Gw berbohong, gw ga tahu. gw gak tahu apa pun.

"Bagus," dia tersenyum sebelum berbalik dan mulai berjalan aambil memegang buku catatan di tangannya. Gw berdiri di tempat dan membiarkan dia berjalan beberapa kaki sebelum kesadaran menghantam gw.

Tunggu sebentar, ke mana dia pergi?

Kemudian, dia berbalik dan mengangkat alisnya ke arah gw ketika dia menyadari gw ga mengikutinya. Dia berteriak, "Ikuti Saya, Tuan Arthur. Saya tidak ingin anda terlambat bertemu dengan pasien pertama anda."

"Oh," ucap gw dengan bodoh sebelum berlari mengejarnya, hampir tersandung kaki gw sendiri beberapa ratus kali.
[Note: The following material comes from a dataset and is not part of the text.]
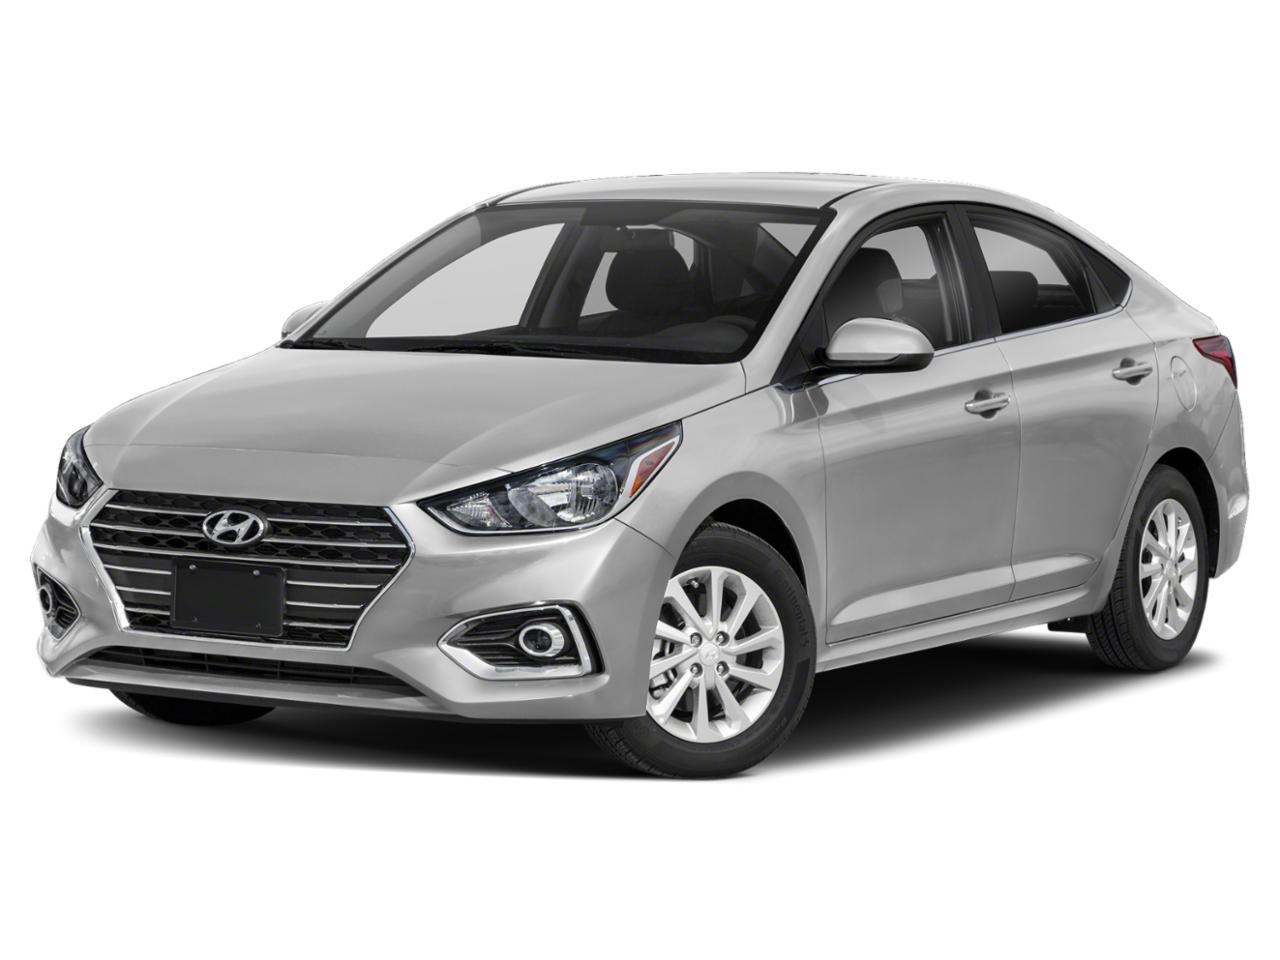 2020 Hyundai Accent Vehicle Photo in MADISON, WI 53713-3220

Setelah berputar-putar ke kanan dan ke kiri selama satu jam, dia membawa gw ke sebuah ruangan yang gw asumsikan itu adalah ruang kerja gw, dimana gw bakal menghabiskan waktu yang cukup lama di sana.

"Duduklah," perintahnya. "Pasien pertamamu akan segera datang. Apakah anda gugup?"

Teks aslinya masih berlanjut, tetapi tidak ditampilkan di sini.